Saturday, October 25, 2014

An Actor on the Verge: BIRDMAN OR (THE UNEXPECTED VIRTUE OF IGNORANCE)


At the corner of anxious depression and artistic frustration is Alejandro González Iñárritu’s Birdman or (The Unexpected Virtue of Ignorance), an emotionally and physically claustrophobic backstage comedy of sorts. It stars Michael Keaton as an actor on the verge of a nervous breakdown. He plays Riggan Thomson, an actor whose stardom peaked two decades ago with his role as Birdman in a series of superhero movies and now sees his mental state rapidly deteriorating as his passion project comeback – writing, directing, and starring in a Broadway play based on a Carver story – nears opening night. If the first part of the conceit sounds a lot like Keaton, who two decades ago left the Batman series and is now in what’s being touted as a “comeback role,” lets hope his psyche’s in a better state.

The film floats through lengthy Steadicam takes from master cinematographer Emmanuel Lubezki edited to look (nearly) like one long fluid shot. Hardly novel, Hitchcock made one film look like one shot all the way back in 1948 with Rope. But it’s a trick so few attempt that it retains an impressive power. It’s transfixing, sliding through rehearsals and previews with smart elisions of time as the camera roams in and around this New York theater on the week leading up to the opening night. As characters zip in and out of scenes with expertly timed dialogue and blocking, I sometimes sat back from the proceedings, simply enjoying the logistical satisfaction of so many moving parts coming together. It’s a little better than a gimmick, effectively trapping the audience in the film’s headspace with no down time. The pressure is high. The walls are closing in.

Keaton, one of our finest actors when it comes to exploring the wilds between id and ego, does a terrific job holding down the increasingly mad center of the film. His character is a pitiable narcissist who has bitten off more than he can chew. He’s doing this to be relevant, to be loved, and to make art, definitely in that order. He’s frazzled, overwhelmed by the multitasking asked of a multi-hyphenate, his only solace talking to the voice hallucinating inside his head egging him on for better or usually worse. Surrounding him is a fine collection of showbiz types. There’s the exasperated producer (Zack Galifianakis), the leading ladies (Naomi Watts and Andrea Riseborough), the preening Method actor (Edward Norton), the ex-wife (Amy Ryan), a critic (Lindsay Duncan), and stagehands (including Merrit Wever). Best is Emma Stone as Keaton’s ex-addict daughter working as his assistant, a non-showbiz voice in rooms of people rapidly disappearing up their own egos.

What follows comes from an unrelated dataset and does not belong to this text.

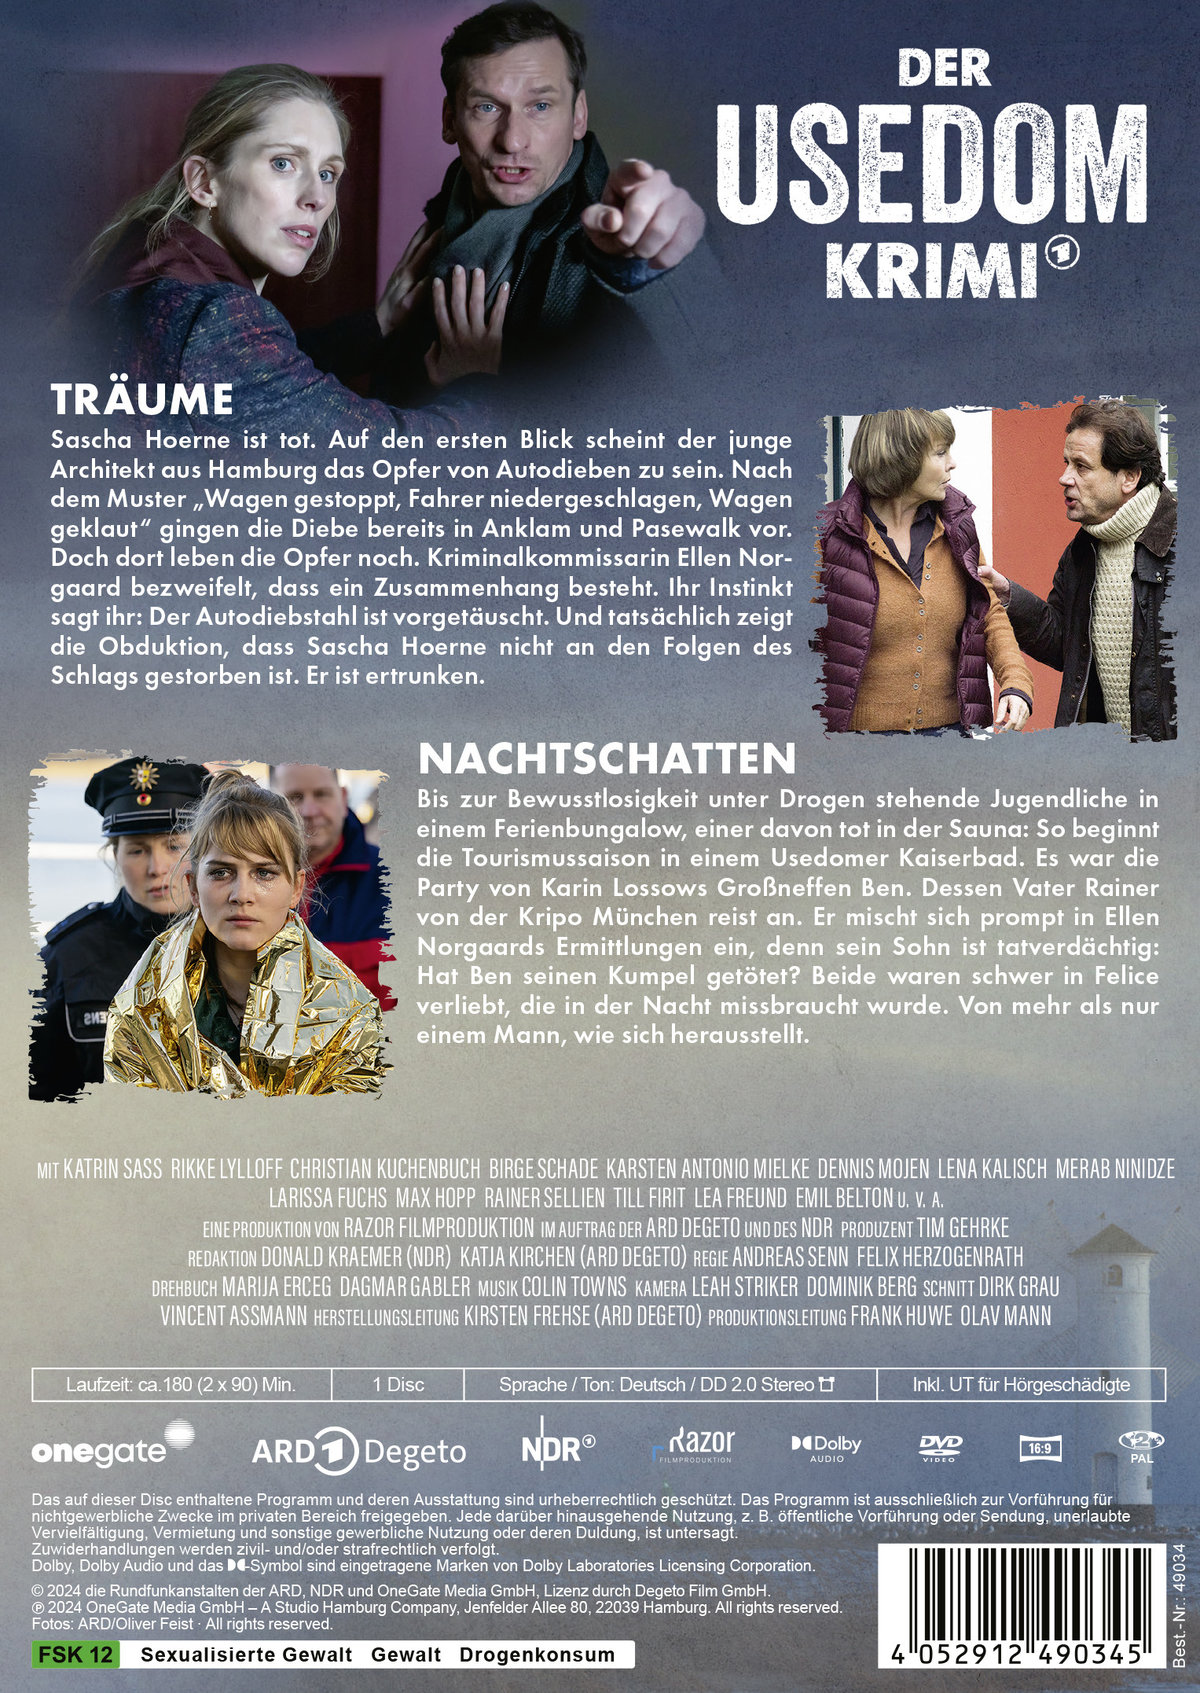 Der Usedom-Krimi: Träume / Nachtschatten  (DVD)

The parts are performed with great precision, words spat out in rapid-fire monologues and tense dialogues that harmonize with the all-drum-solo score from Antonio Sanchez. Together they’re an endless clanging keeping the entire experience off balance and driving forward. The cast is free of the usual shot/reverse shot coverage, allowing them greater control over the rhythms and pauses, the psychological space as well as the physical. They create a world of people symbiotically clinging to each other as both a career move and an artistic expression, acting out their interpersonal dramas in the wings and dressing rooms before sublimating those energies into performances on stage. Their banter is as crisp and funny as it is painful, and the laughs start to choke off the more desperately the sweat appears. Narcissism and insecurity make a potent mix, one the film is unrelenting in conjuring.

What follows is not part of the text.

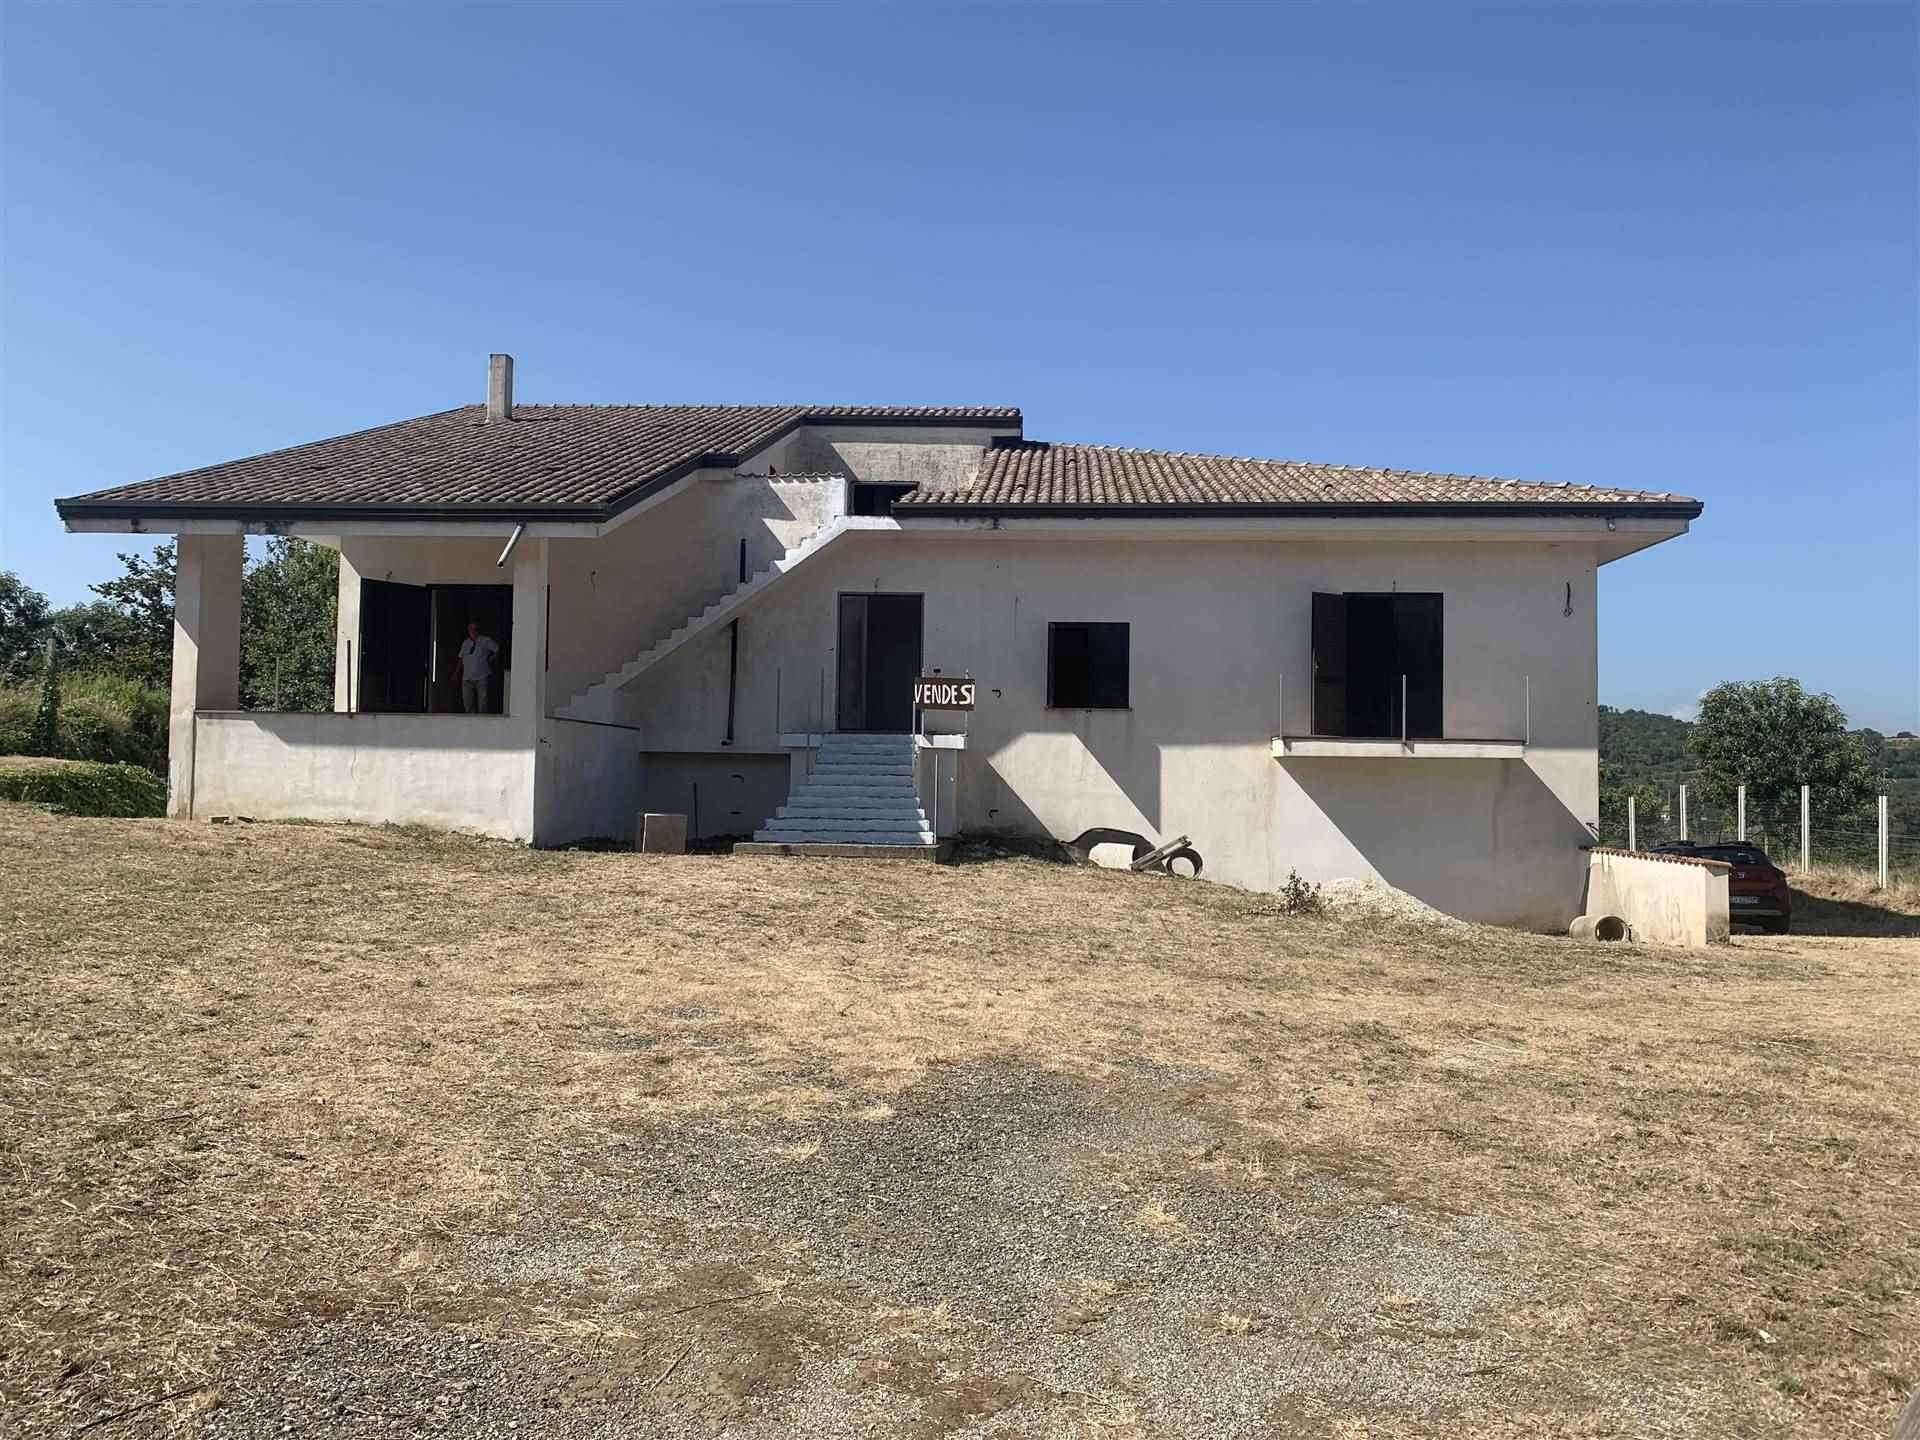 Villa in vendita a Teano, 12 locali, prezzo € 130.000 | PortaleAgenzieImmobiliari.it

At first it appears tonally different and a stylistic outlier in Iñárritu’s oeuvre. It’s lighter, more fluid, and about a feeling of emotional constipation and professional frustration that, though deeply felt and important to the characters, pales in severity to the violence and misery on display in his Very Serious Dramas Amores Perros, 21 Grams, and Babel. I appreciated those film’s miserabilist impulses, but he hit a wall with the dire Biutiful, luxuriating in signifiers of importance without much more to say with them. So on the one hand, Birdman’s relative lightness on its feet is a much-needed artistic rejuvenation. On the other, it’s as deeply pessimistic as anything he’s made. It loathes, thinking artists are egomaniacs, Hollywood is hollow, critics are lazy, and audiences are stupid at worst, gullible at best. The core of rage in Keaton’s performance, playing a character who feels most upset that after all this effort he may not receive affection for it, plays off this omnidirectional frustration that assumes the worst out of everyone.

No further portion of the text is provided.